**WHAT YOU WILL DO**. The task for the listing below is to write out exactly the lines starting at the one containing "Zoe & Stepbrothers - Cover" and ending at the one containing "Kitamura Mycenter-3x CNC", both included. Pictures are to be omitted.

**DATASET EXCERPTS**.
BEGIN

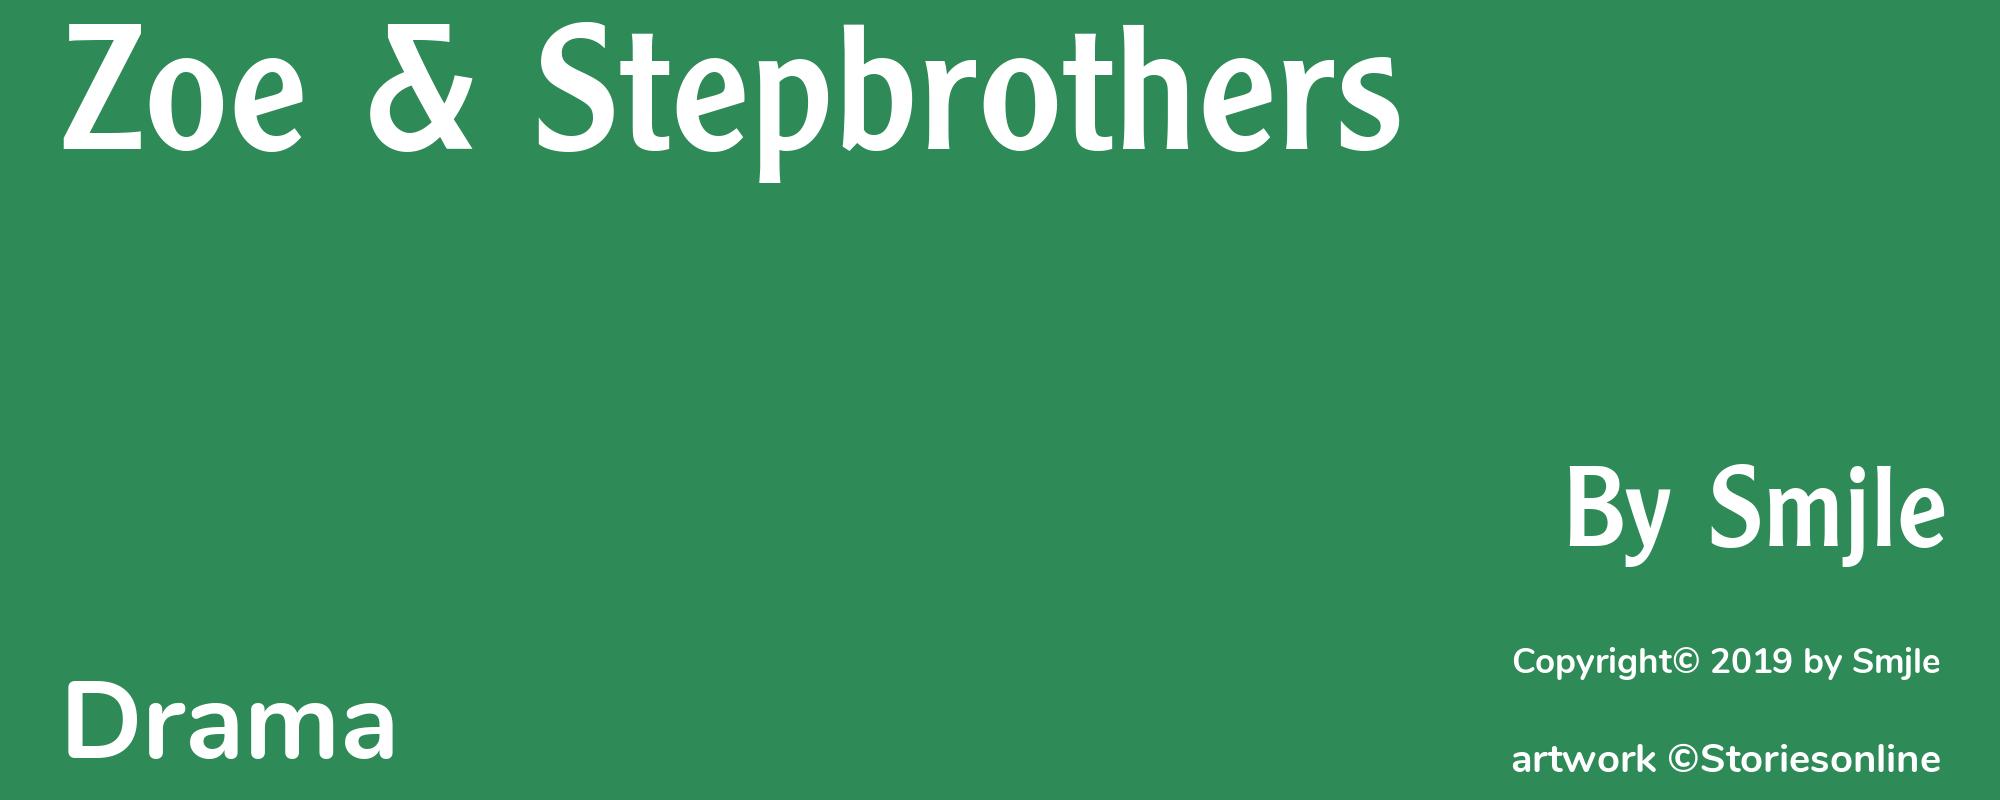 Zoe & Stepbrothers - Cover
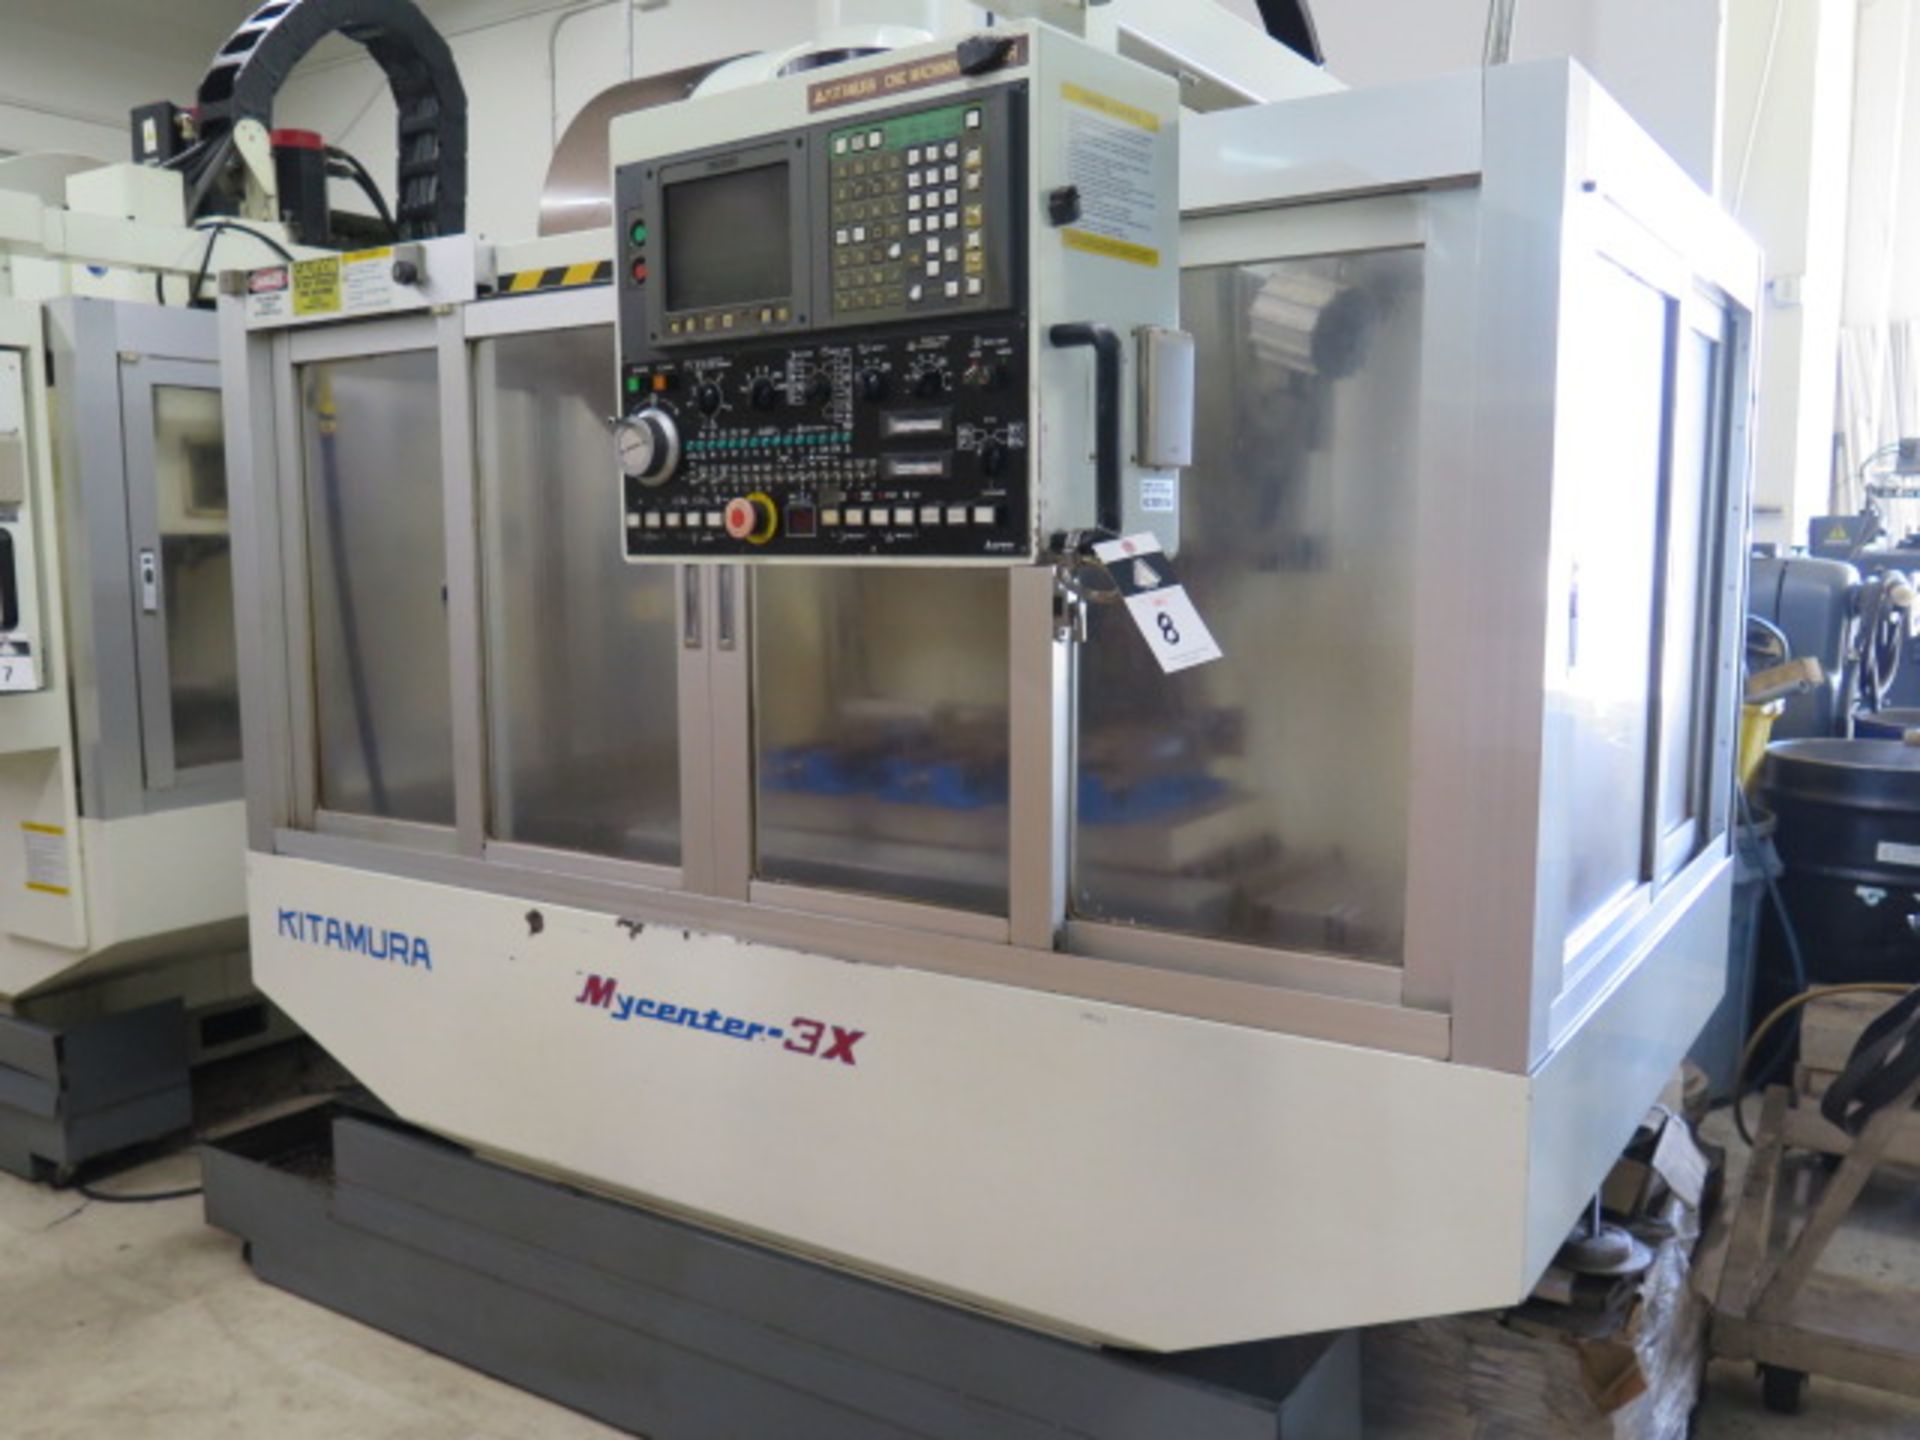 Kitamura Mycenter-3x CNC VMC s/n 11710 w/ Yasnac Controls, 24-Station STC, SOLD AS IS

END
BEGIN

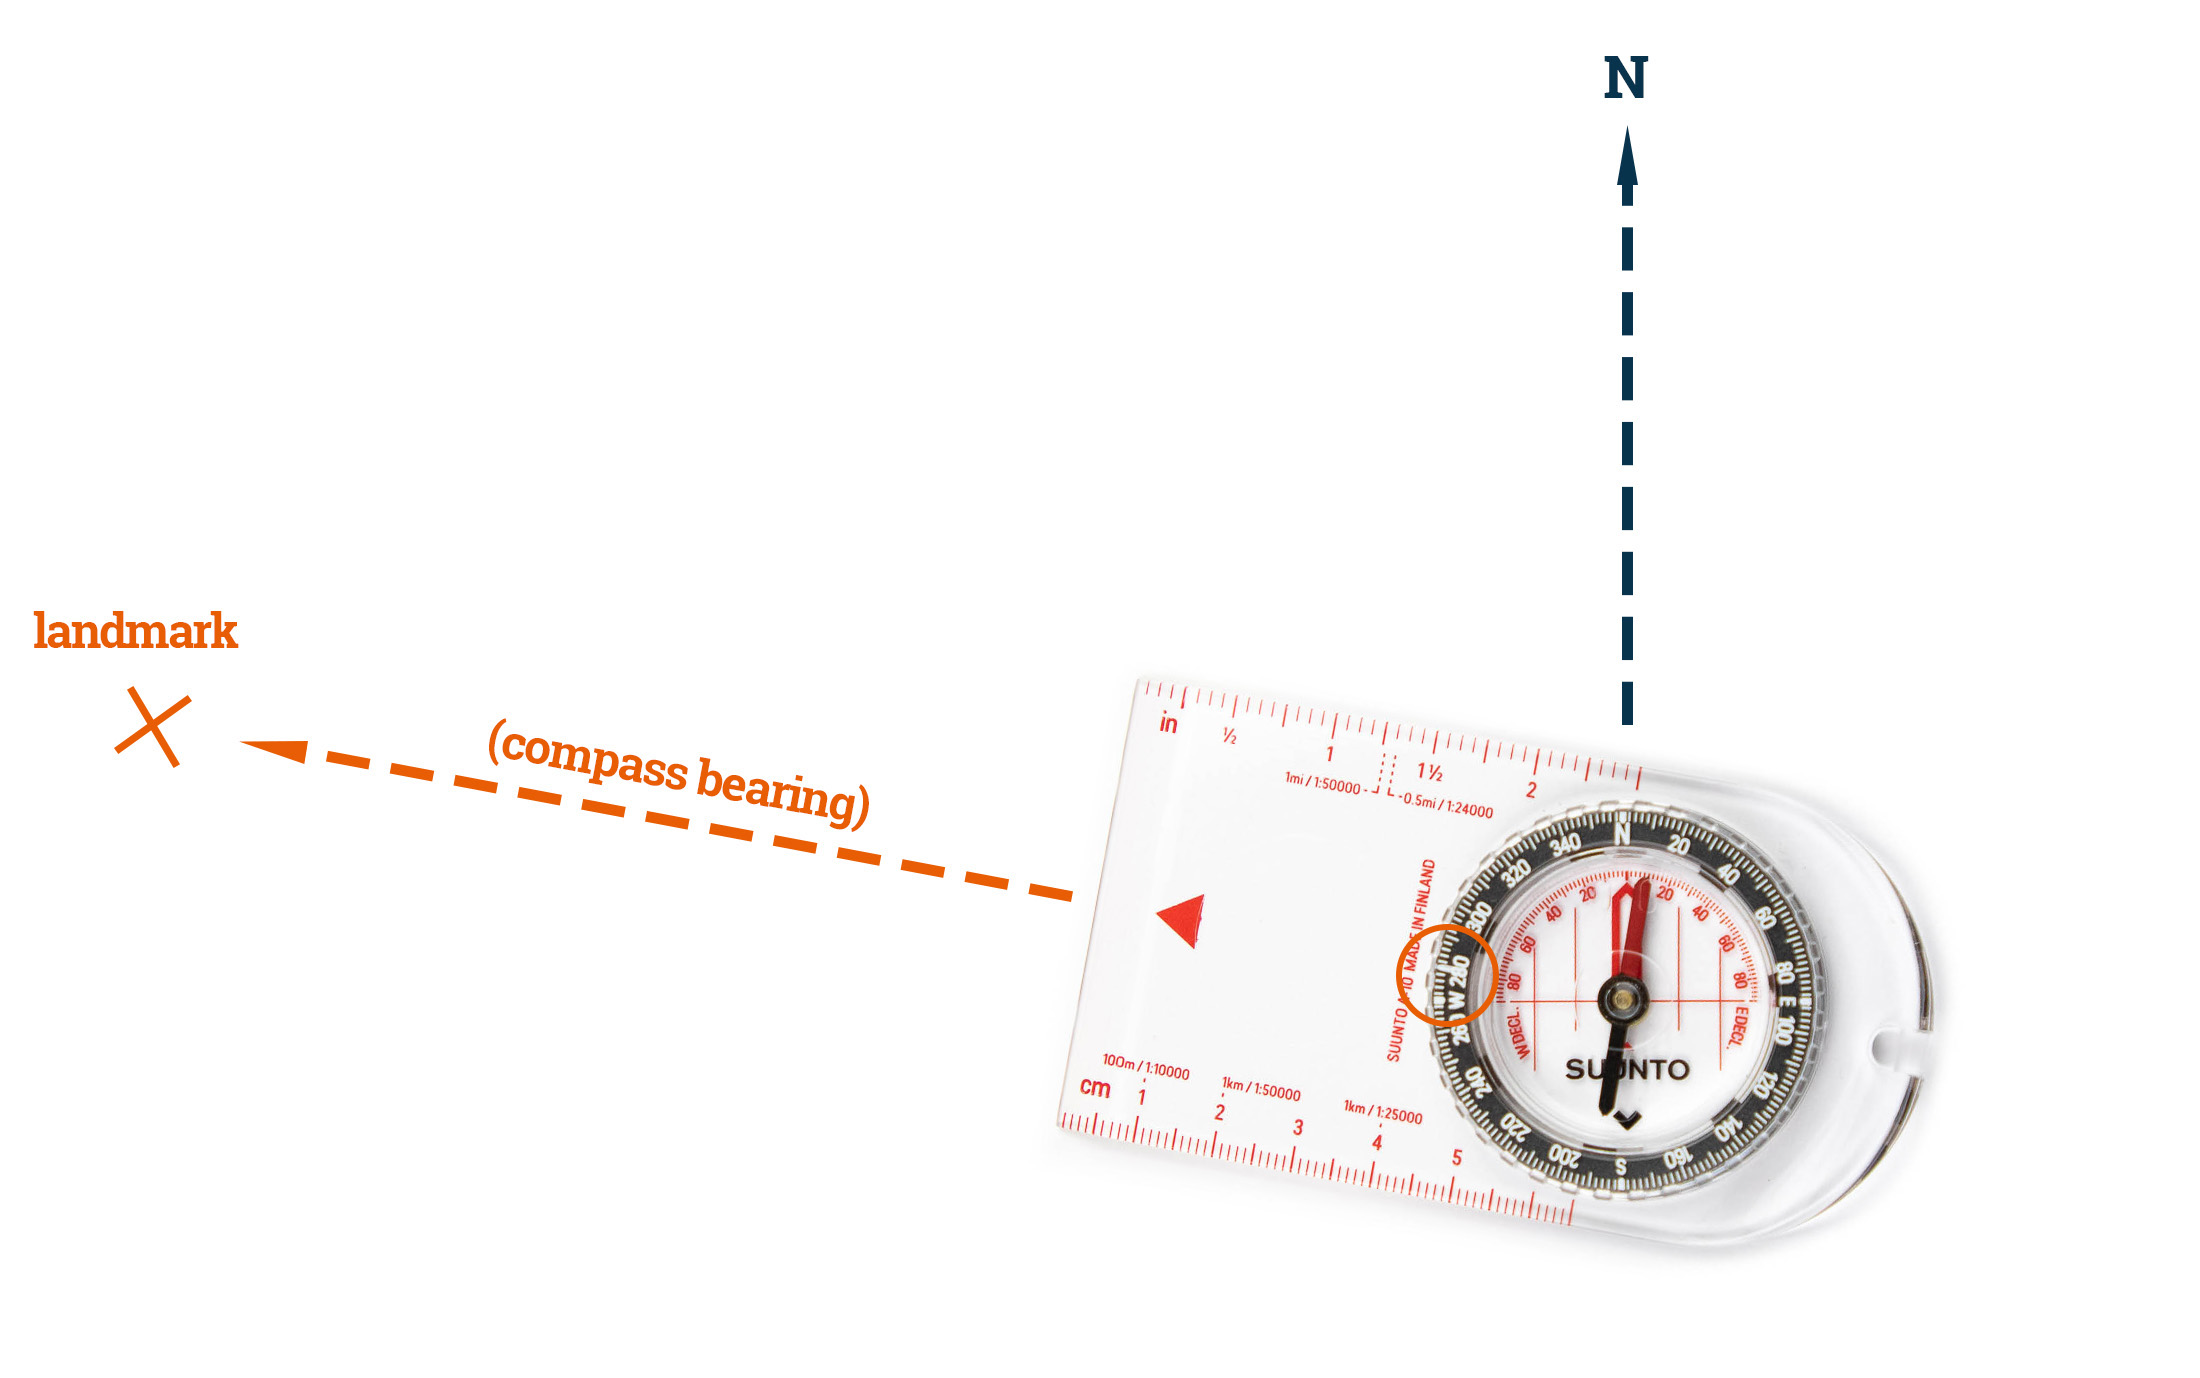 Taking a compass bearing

END
BEGIN

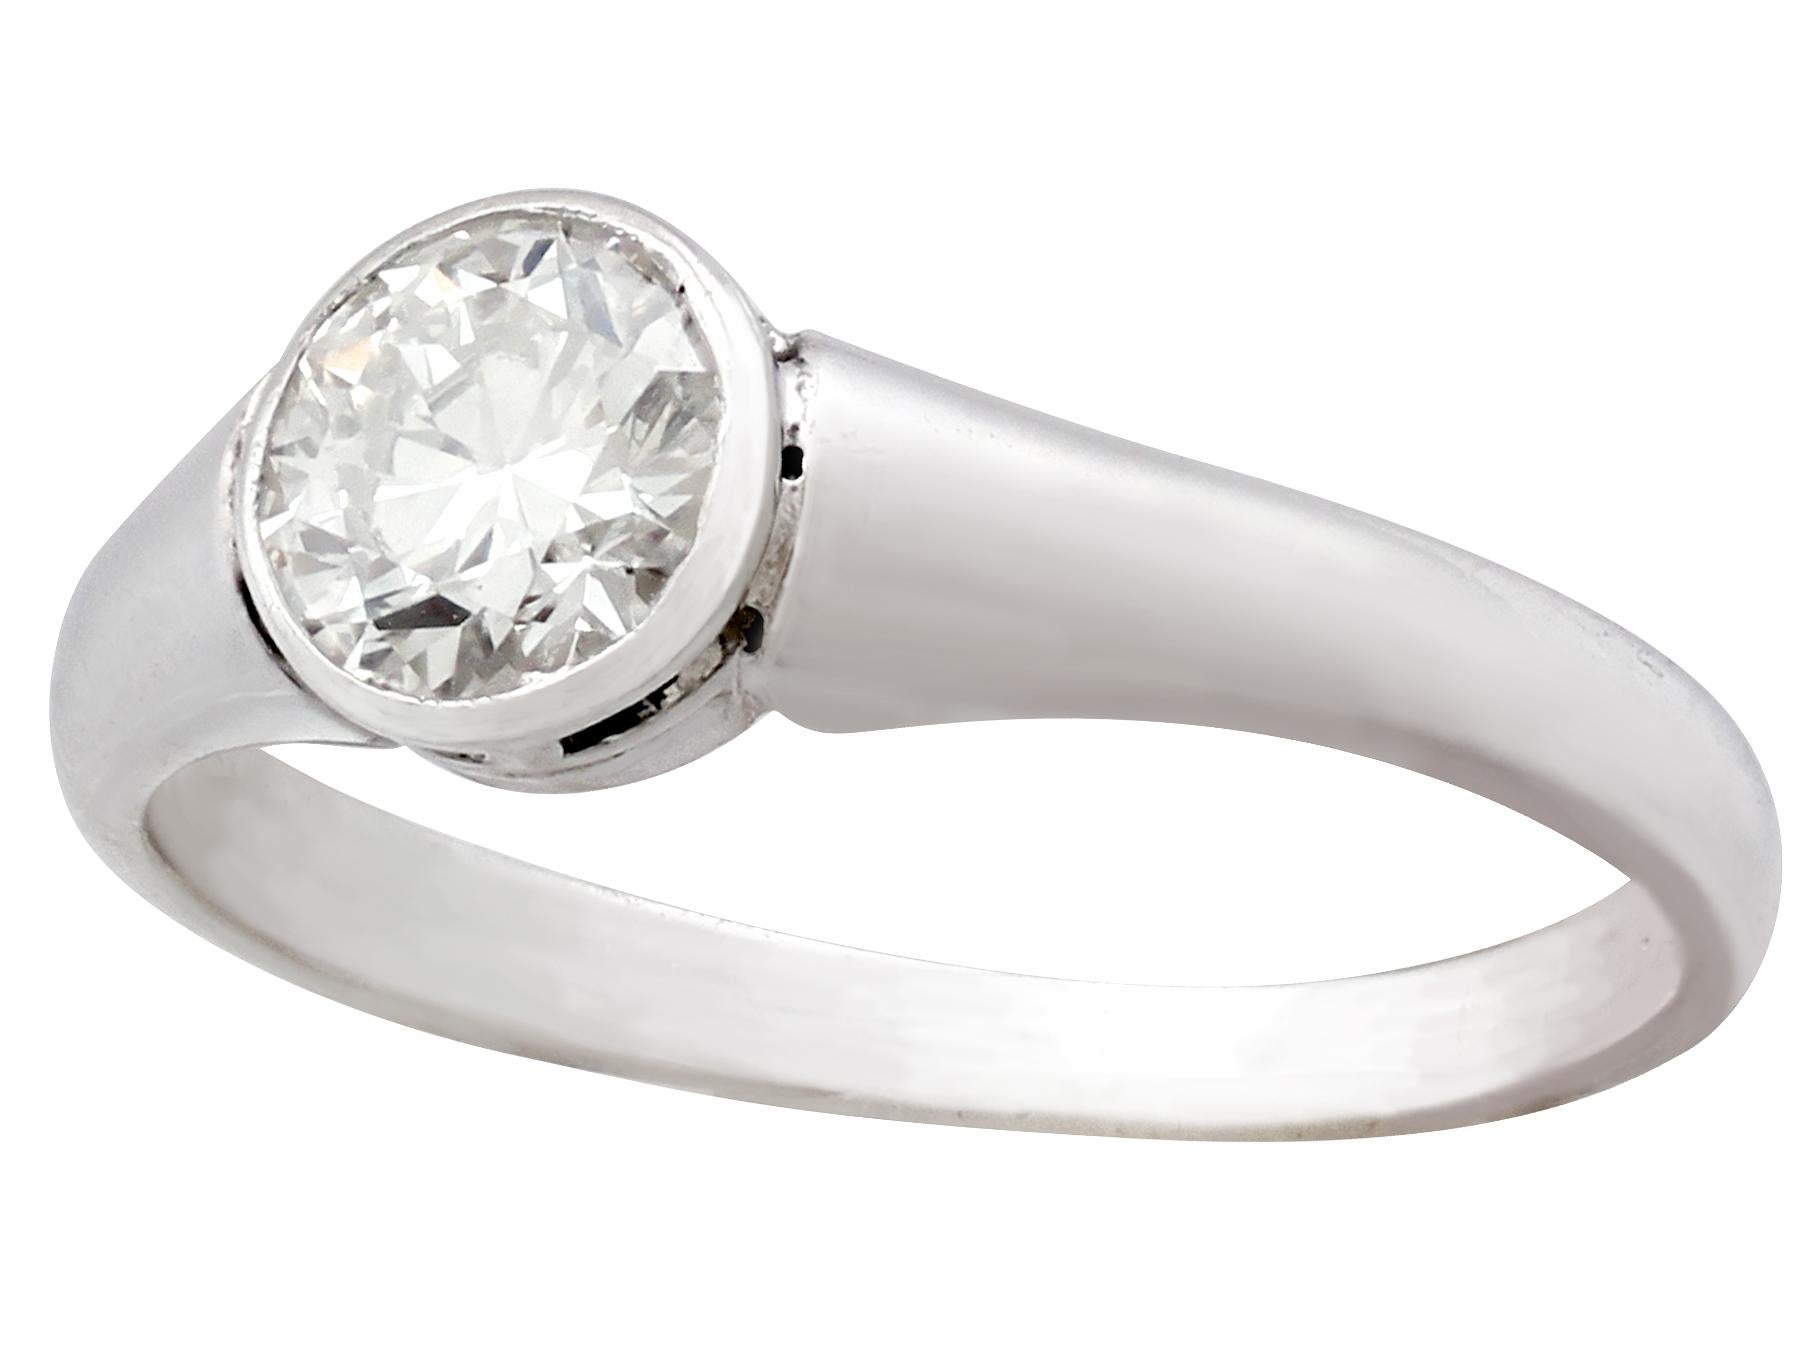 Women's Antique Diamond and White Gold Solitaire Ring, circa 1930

END

**FINISHED EXERCISE**.
 Zoe & Stepbrothers - Cover
 Kitamura Mycenter-3x CNC VMC s/n 11710 w/ Yasnac Controls, 24-Station STC, SOLD AS IS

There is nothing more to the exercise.